Sequence Similarity
Tests two sequences to find similarities. Used to:
- Phylogenetic tree reconstruction
- Similar sequences => similar structure => similar function
Global Pairwise Sequence Alignment Problem
Given strings x, y : x = x1 x2 ... xn and
y = y1 y2 ... yn find an optimal alignment of x
and y.
Alignment
Based on changes that happen to molecules as they evolve. (i.e. substitutions,
gaps).
For example,
HEAGAWGHE-E
--P-AW-HEAE
Formally, an alignment of x and y is a pair x', y' where
- x' with gaps removed is
x, similarly for y', y
- |x'| = |y'|
- xi' = yi' = gap never happens
We assign a score to an alignment (x', y') additively: sum of scores
of non-gap (xi', yi') pairs + scores for regions containing gaps.
Score matrices are used to assign scores to non-gapped pairs.
Developing Score Matrices
Matrices are derived according to the following probabilistic interpretation:
- Assume no gaps
- Want score assigned to x',y' to be measure of
likelyhood that x', y' are related
- We consider a score for x', y' relative to a random
model and a match model
- Random model: assume each symbol a occurs with probability
q(a).
P(x', y'|R) = product q(xi') * product q(yi')
- Match model: assigns probablity to pairs (a, b) of symbols.
P(x', y')|M) = product p(xi', yi')
- Take the odds ratio:
P(x', y')|M)/P(x', y')|R)
- Log odds ratio:
sum s(xi', yi')
Assigning Scores to Gaps
Linear gap scoring system with a gap length g: gamma(g) = -dg.
Affine gap scoring system with a gap length
g: gamma(g) = -d - e(g-1).
Algorithms for Sequence Similarity
Given x, y both of length n, how many alignments are there?
The number grows exponentially!
(actually, = 2n choose n ~= 2^2n / sqrt(2 pi n)).
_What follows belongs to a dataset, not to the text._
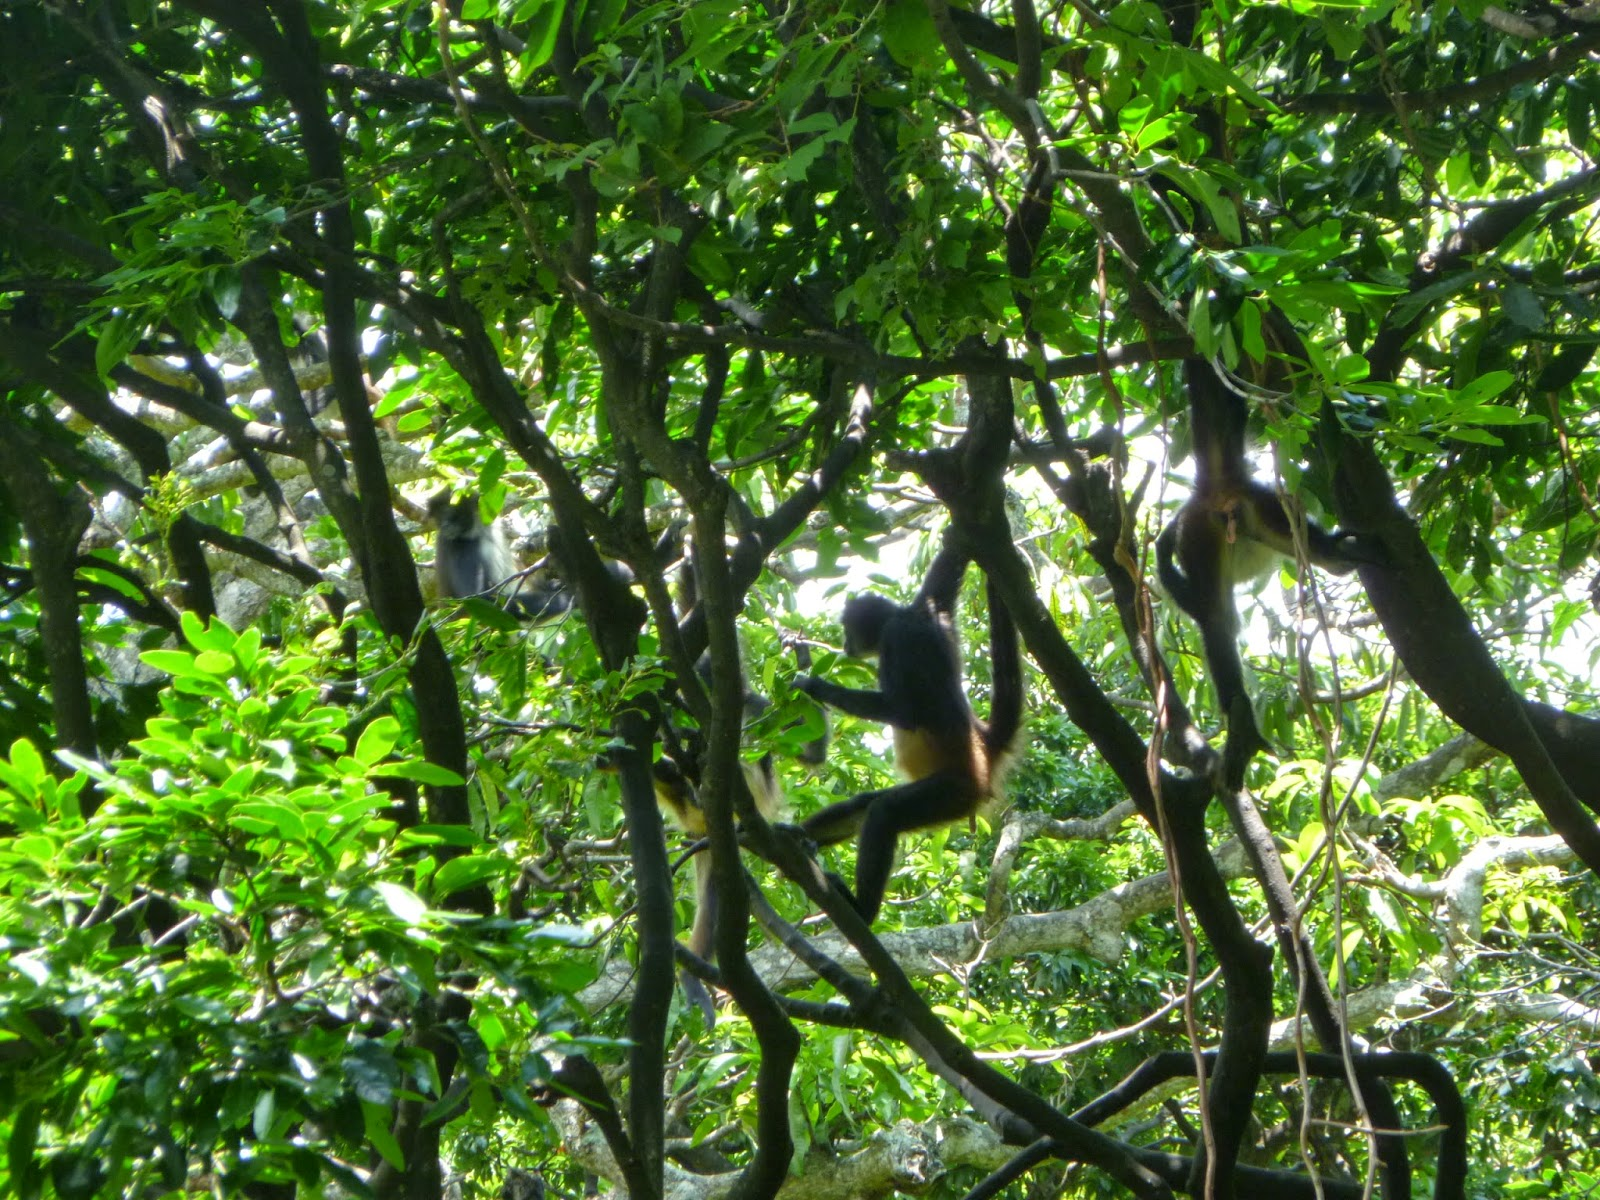 Cuida el Bosque del Zoomat

Dynamic Programming Approach
This method is O(n^2).
The optimal alignment of x, y up to the ith and
jth position, respectively, looks like one of the following:
- (optimal alignment of x1 ... xi-1, y1 ... yj-1) and
xi matched with yj
- (optimal alignment of x1 ... xi-1, y1 ... yj ) and
xi matched with a gap
- (optimal alignment of x1 ... xi , y1 ... yj-1) and
yj matched with a gap
So the optimal score is defined as:
F(i, j) = max { F(i-1, j-1) + s(xi, yi), F(i-1, j ) - d, F( i , j-1) - d }
F is the optimal score for any prefix
x1 x2 ... xi, y1 y2 ... yj.
The base cases occur at F(i, 0) = -di (since we must match with
i gaps) and F(0, j) = -dj.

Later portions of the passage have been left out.